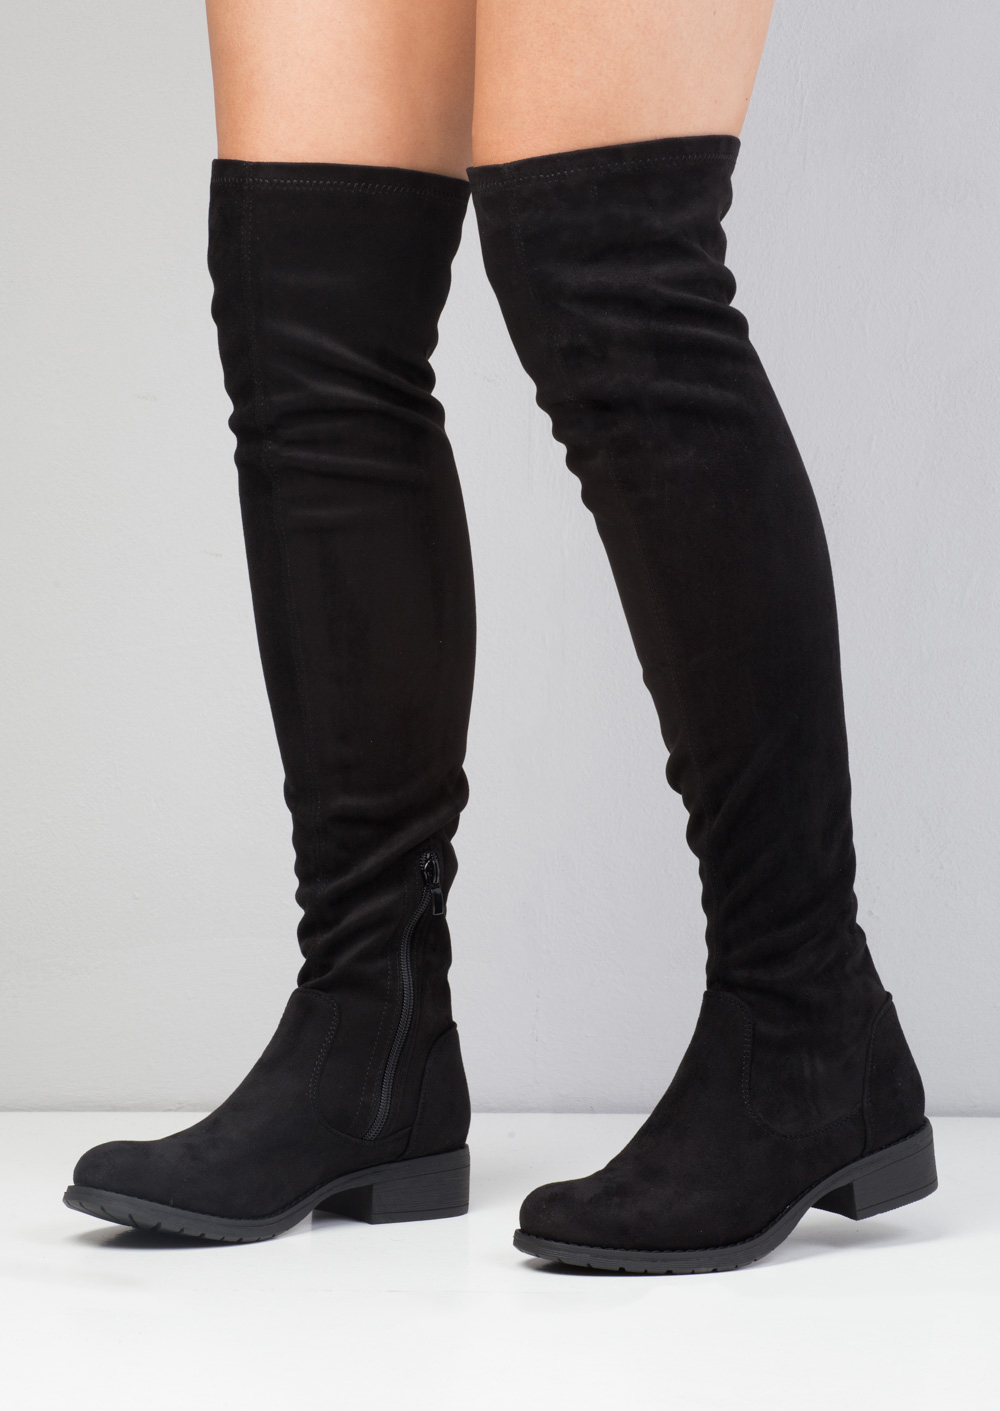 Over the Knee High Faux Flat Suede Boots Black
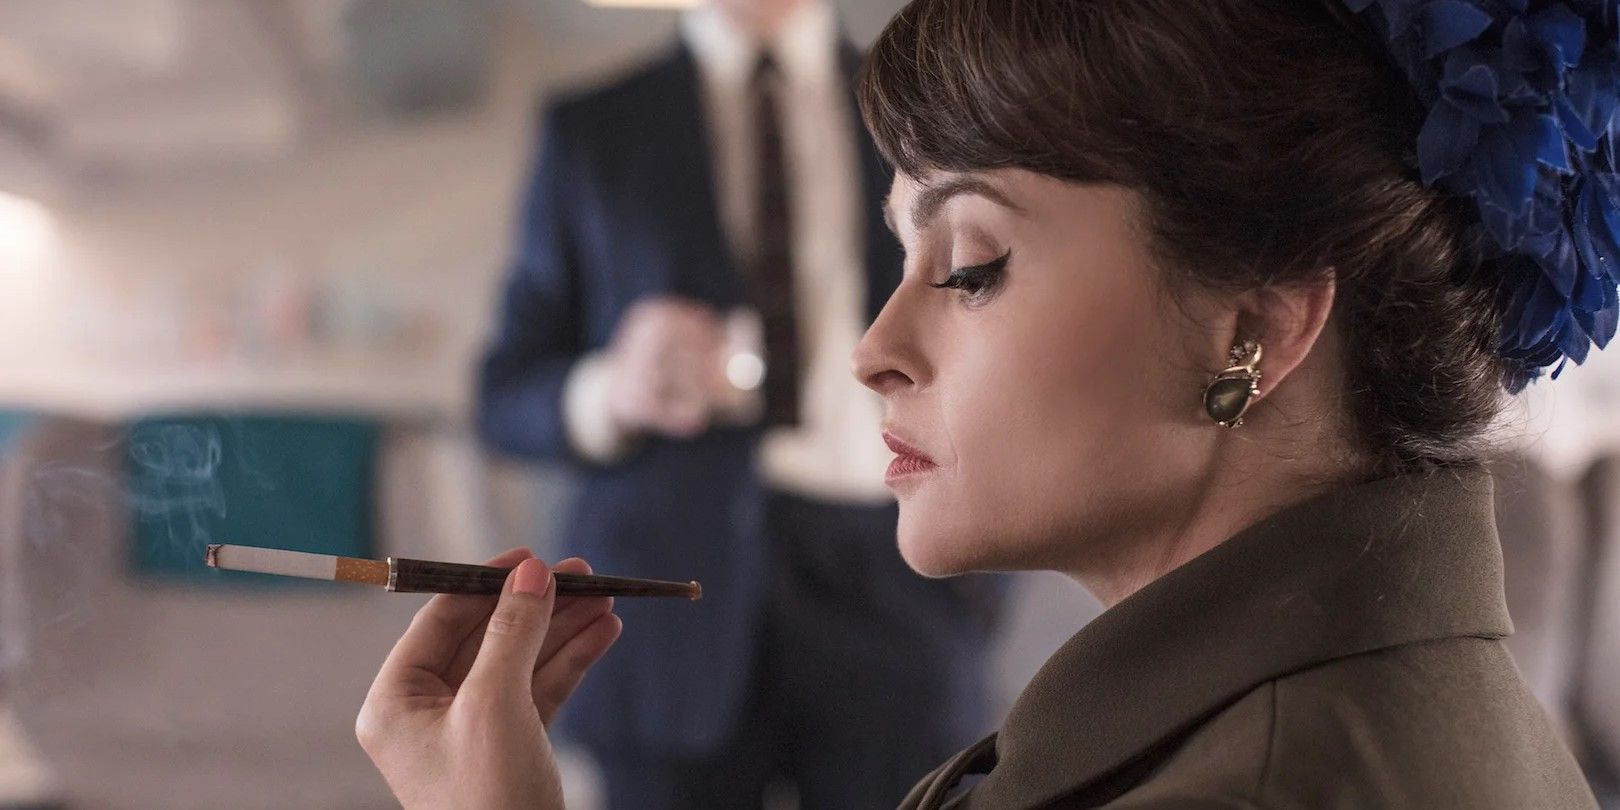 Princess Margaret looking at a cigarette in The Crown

---

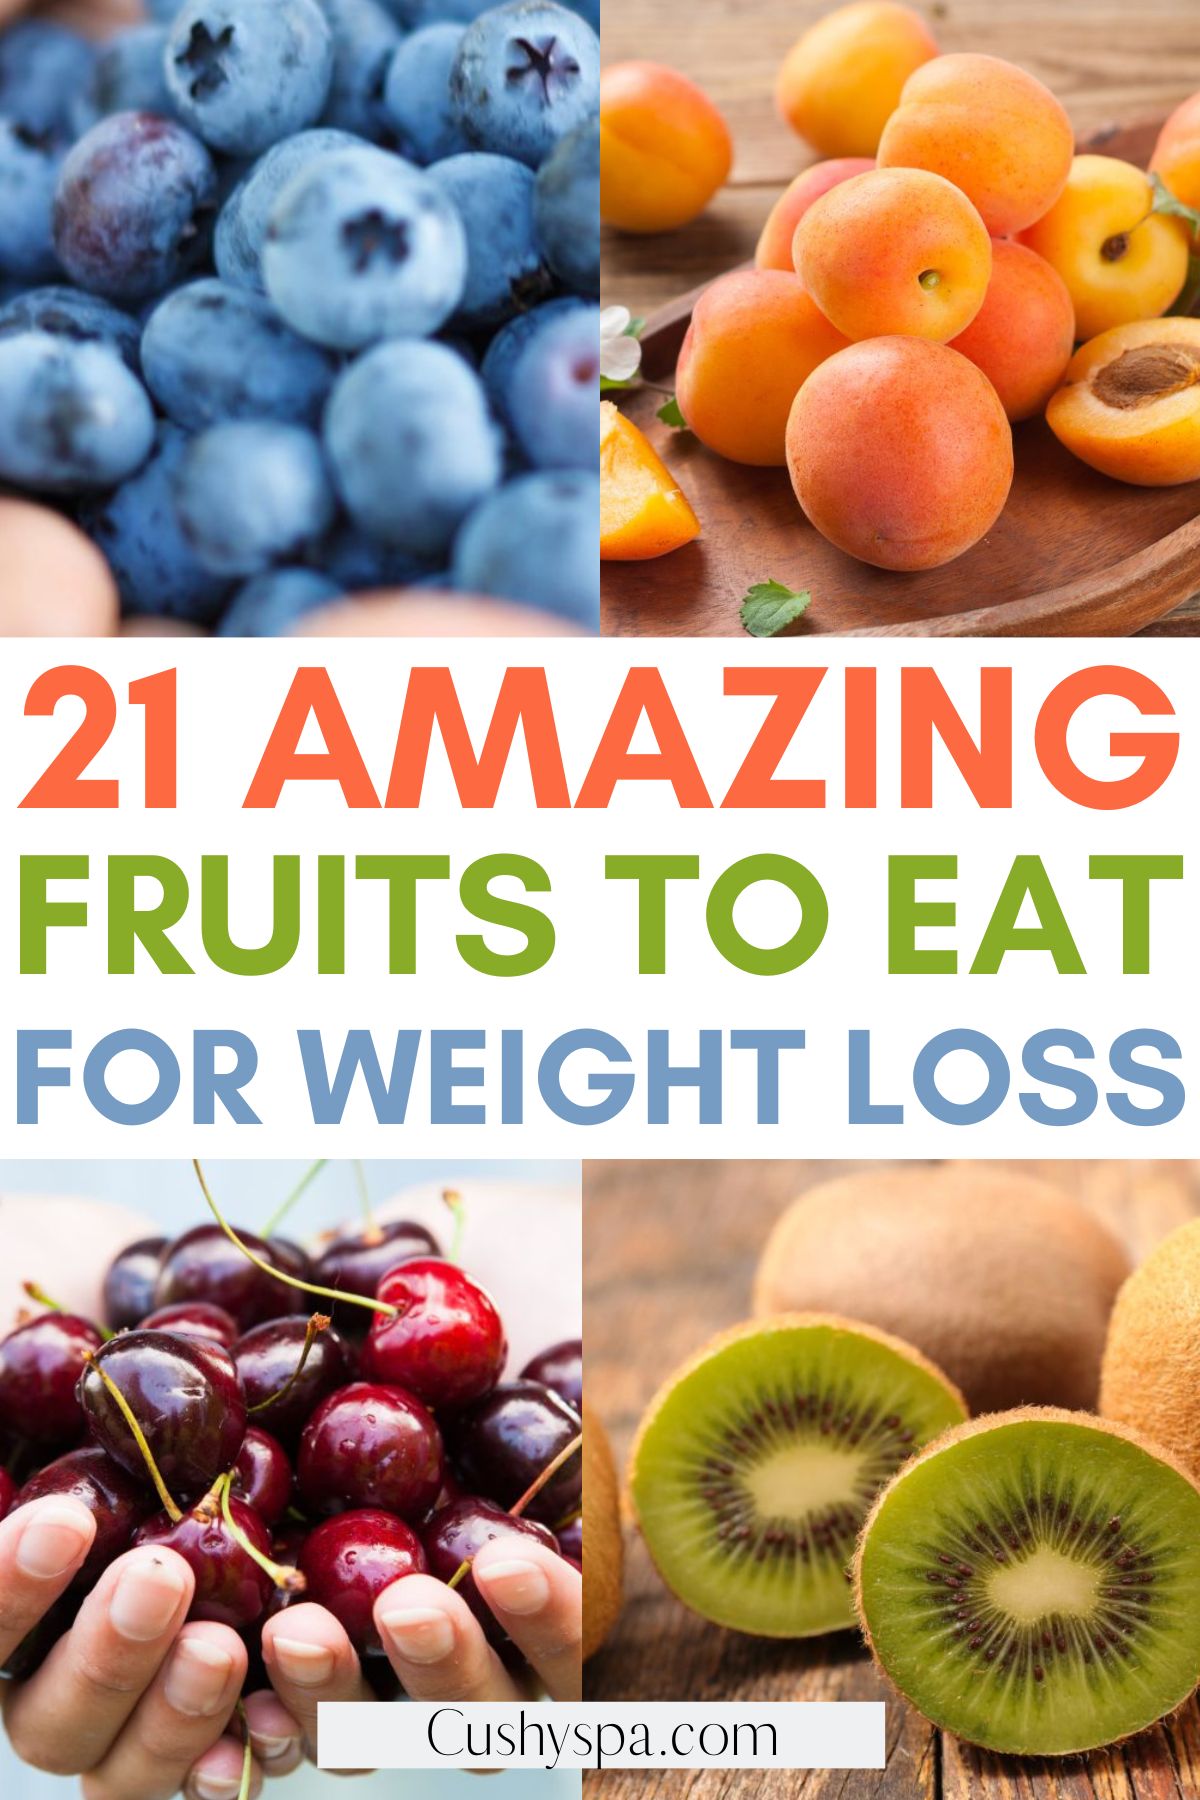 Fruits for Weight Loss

» **Activity**: Only one part of the material above is wanted: the lines from the one with "Over the Knee" up to and including the one with "Princess Margaret looking". Please copy them exactly, pictures left out.

» **Written response**:
 Over the Knee High Faux Flat Suede Boots Black
 Princess Margaret looking at a cigarette in The Crown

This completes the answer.